§ Required action: The lines below from the one with "Taiko no Tatsujin: Nintendo" up to and including the one with "Trunk Soft Large" are what you should set down, exactly and without pictures.

§ Input records:
- Opening Delimiter -
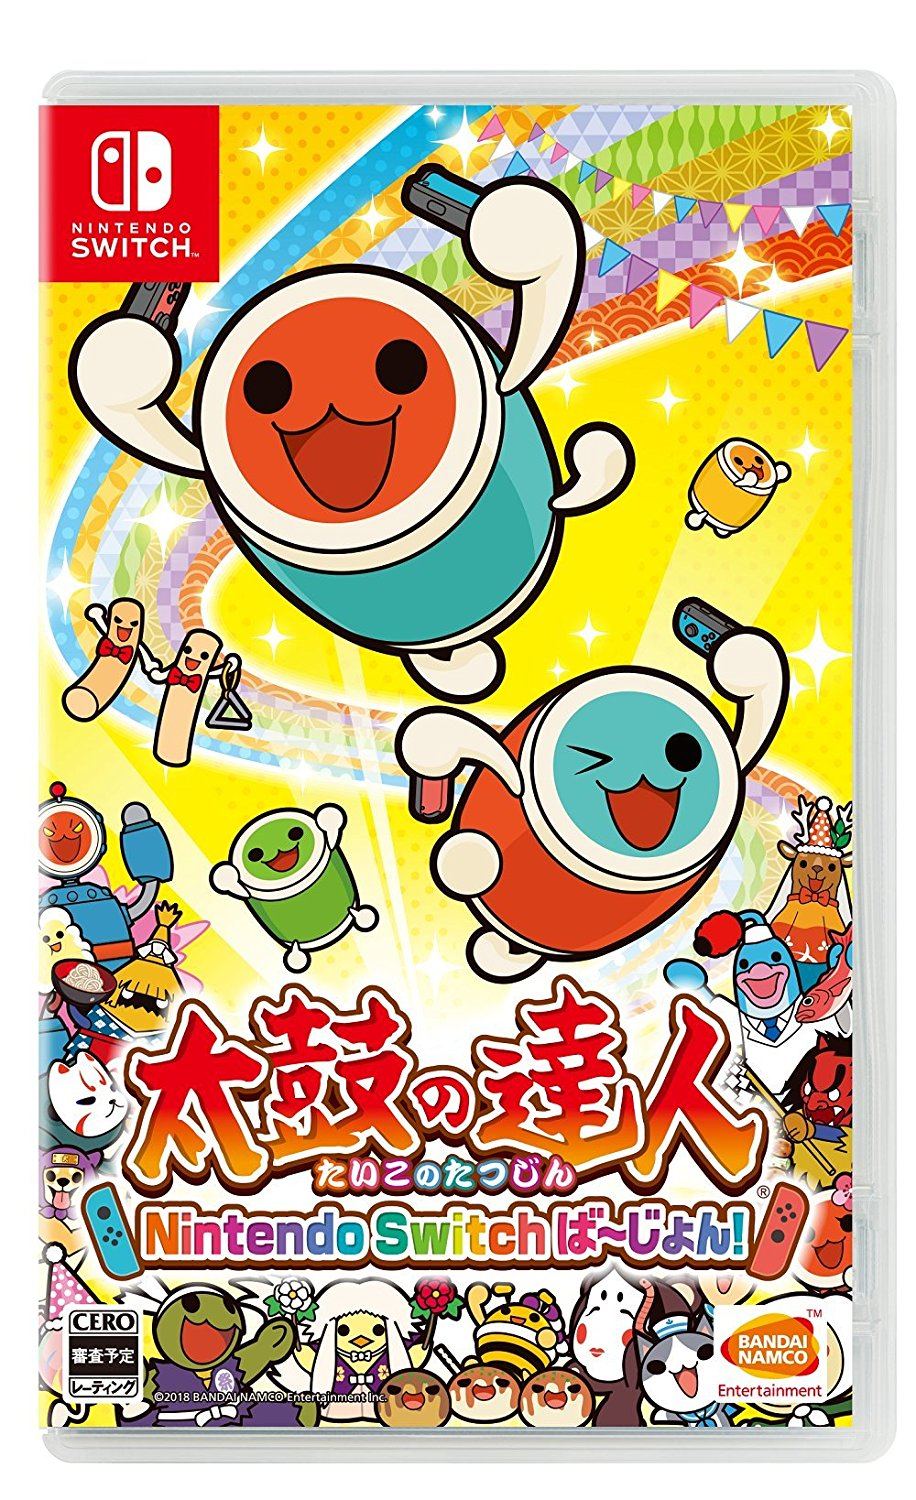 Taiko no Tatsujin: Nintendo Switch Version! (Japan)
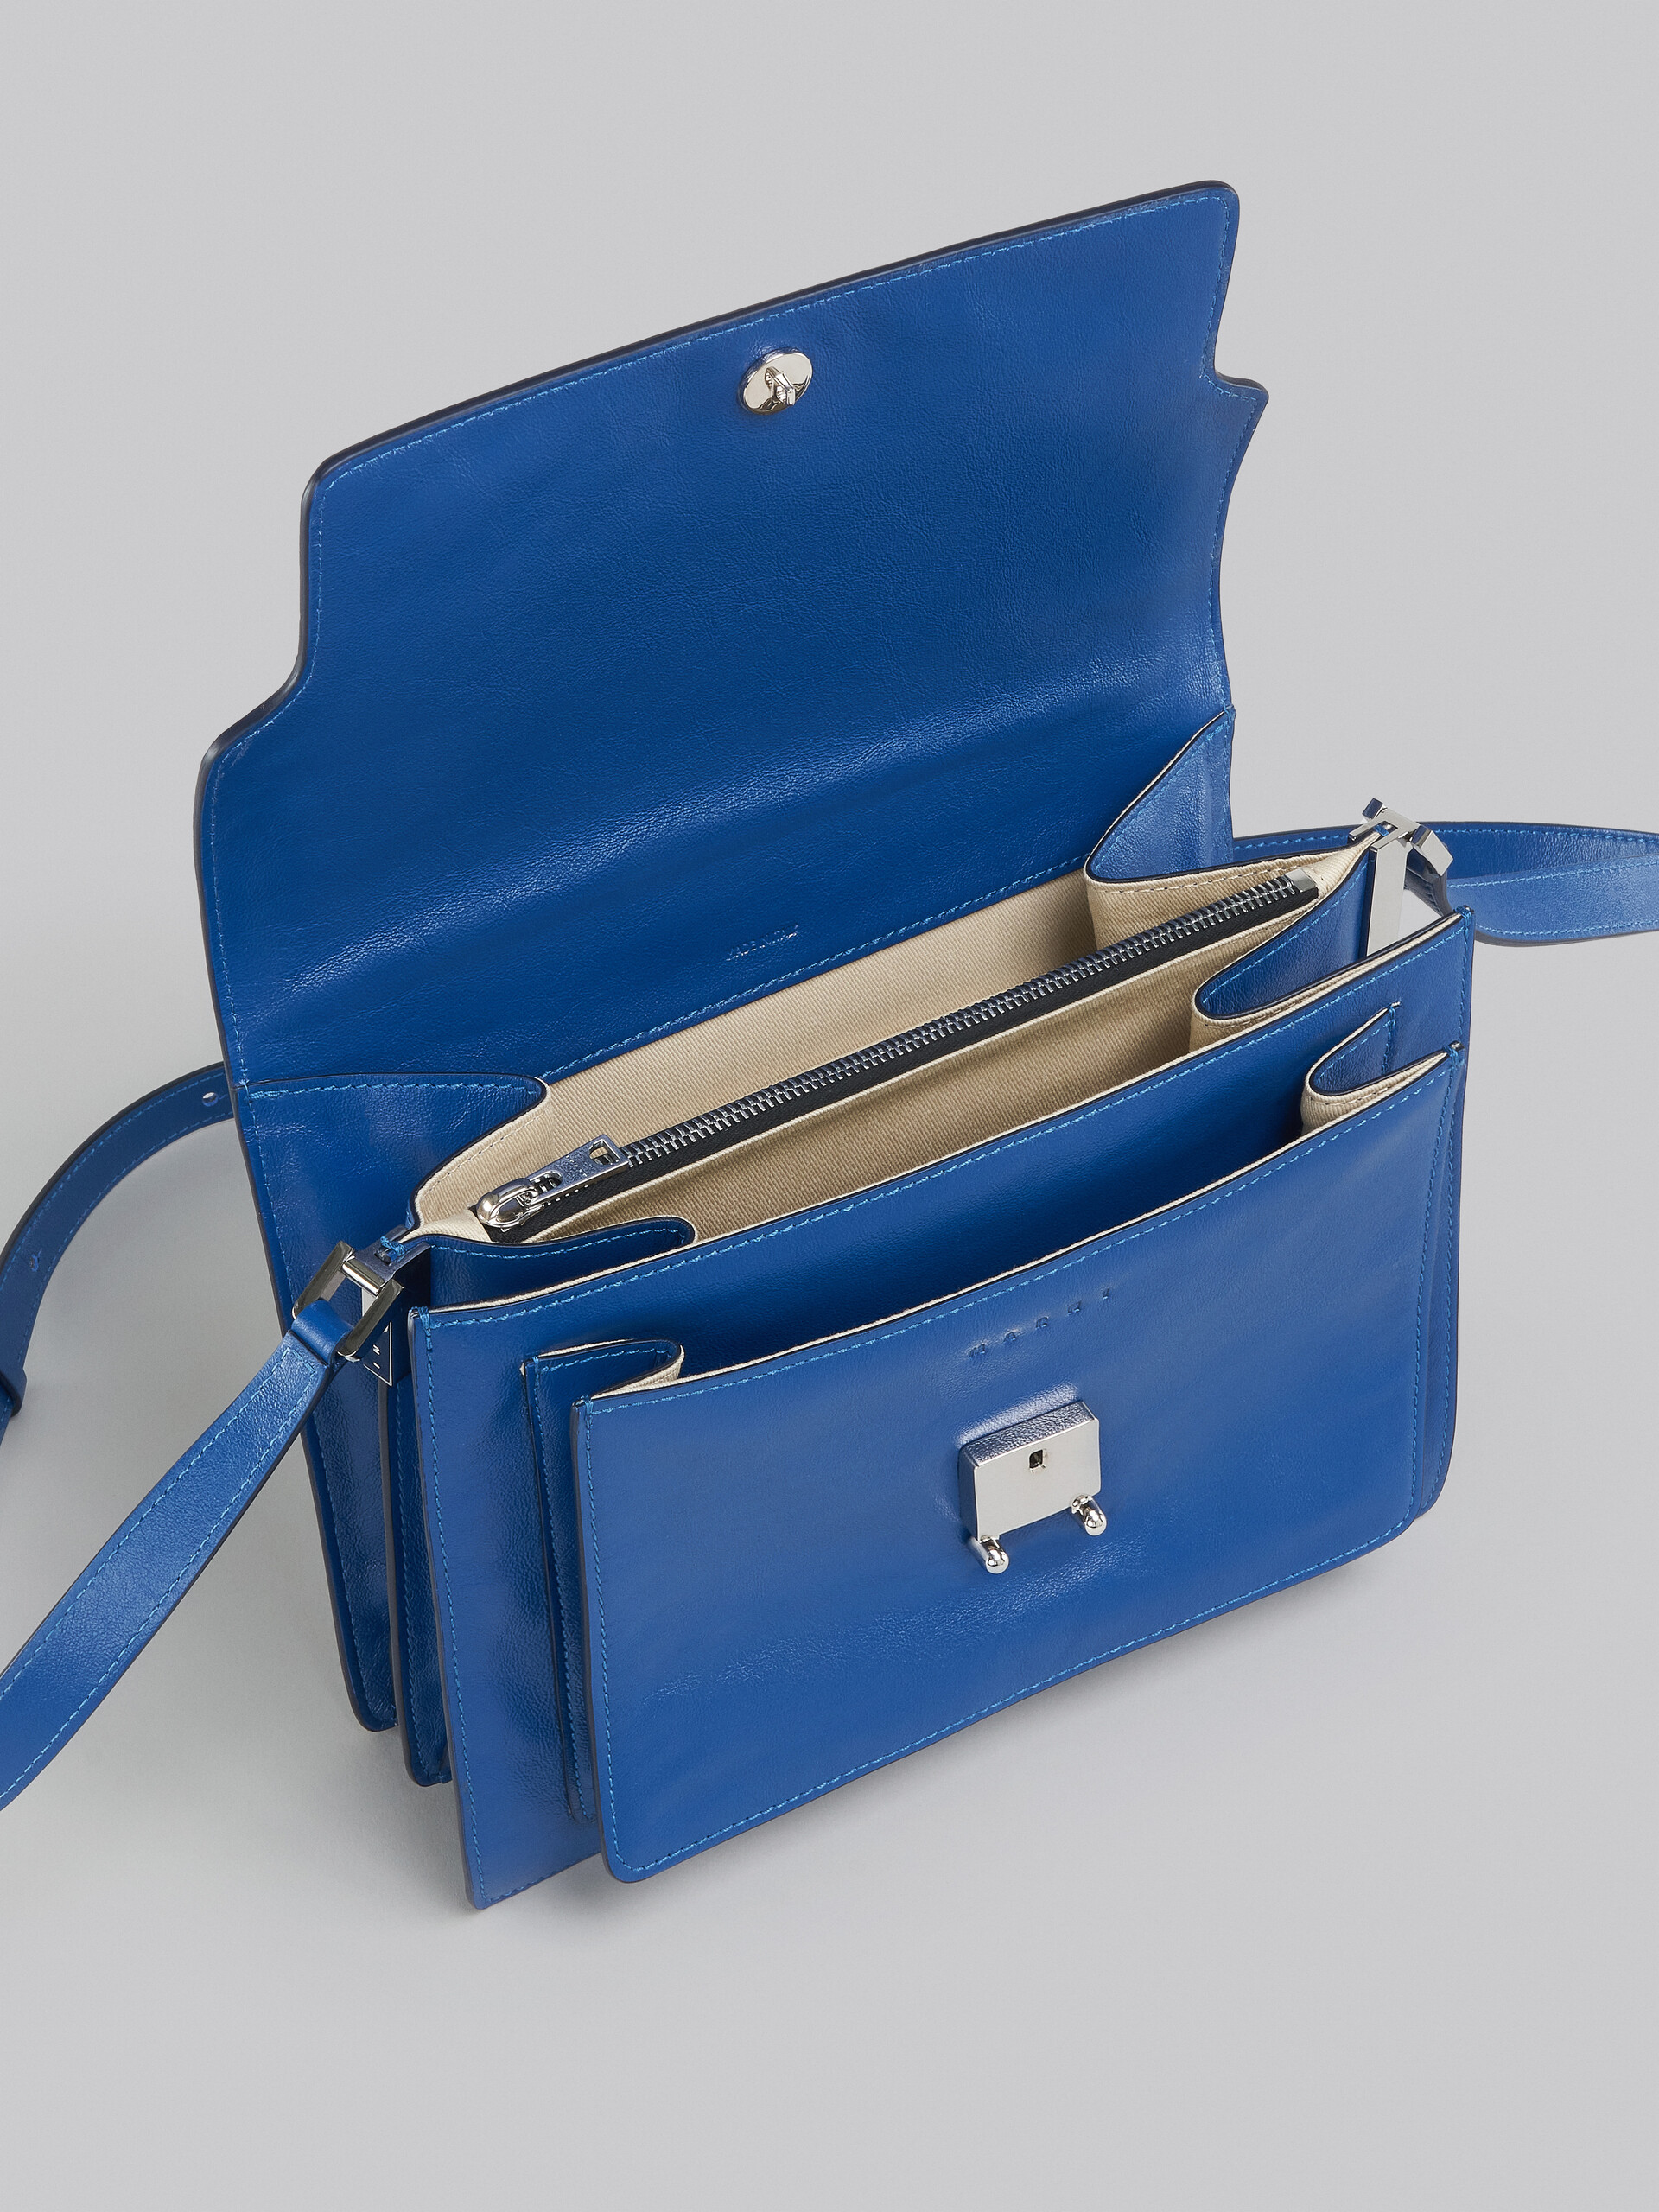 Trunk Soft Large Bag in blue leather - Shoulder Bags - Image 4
- Closing Delimiter -
- Opening Delimiter -
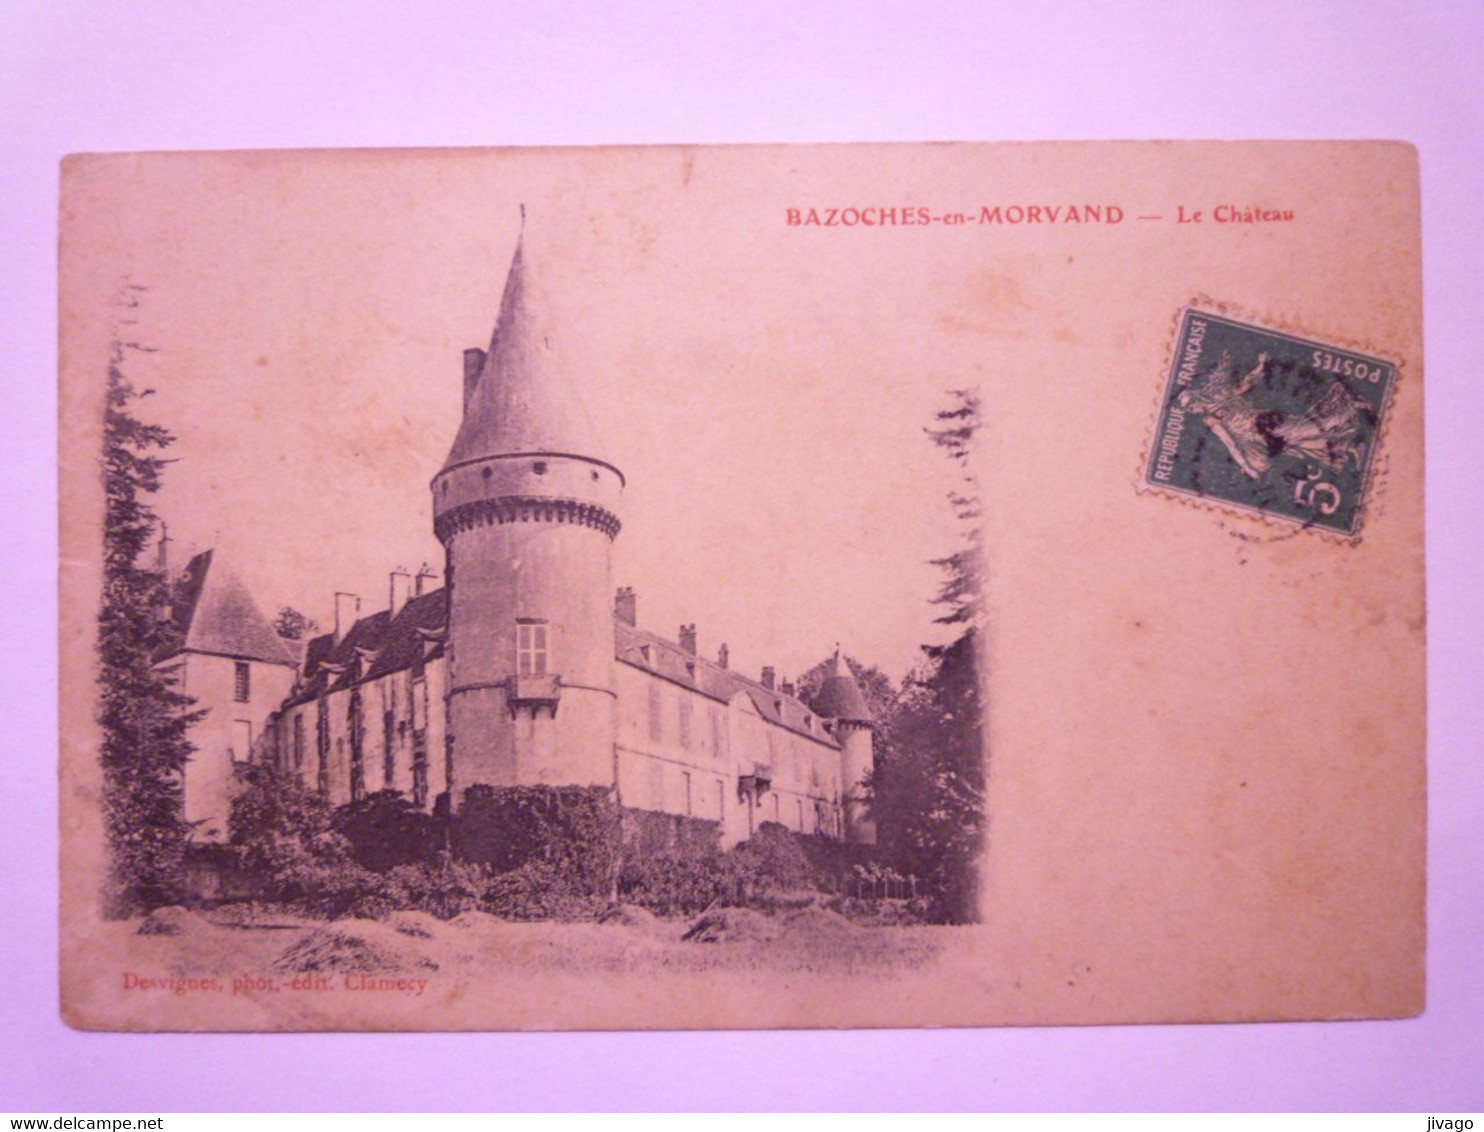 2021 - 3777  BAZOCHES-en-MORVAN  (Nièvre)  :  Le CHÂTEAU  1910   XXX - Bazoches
- Closing Delimiter -
§ Exercise result:
 Taiko no Tatsujin: Nintendo Switch Version! (Japan)
 Trunk Soft Large Bag in blue leather - Shoulder Bags - Image 4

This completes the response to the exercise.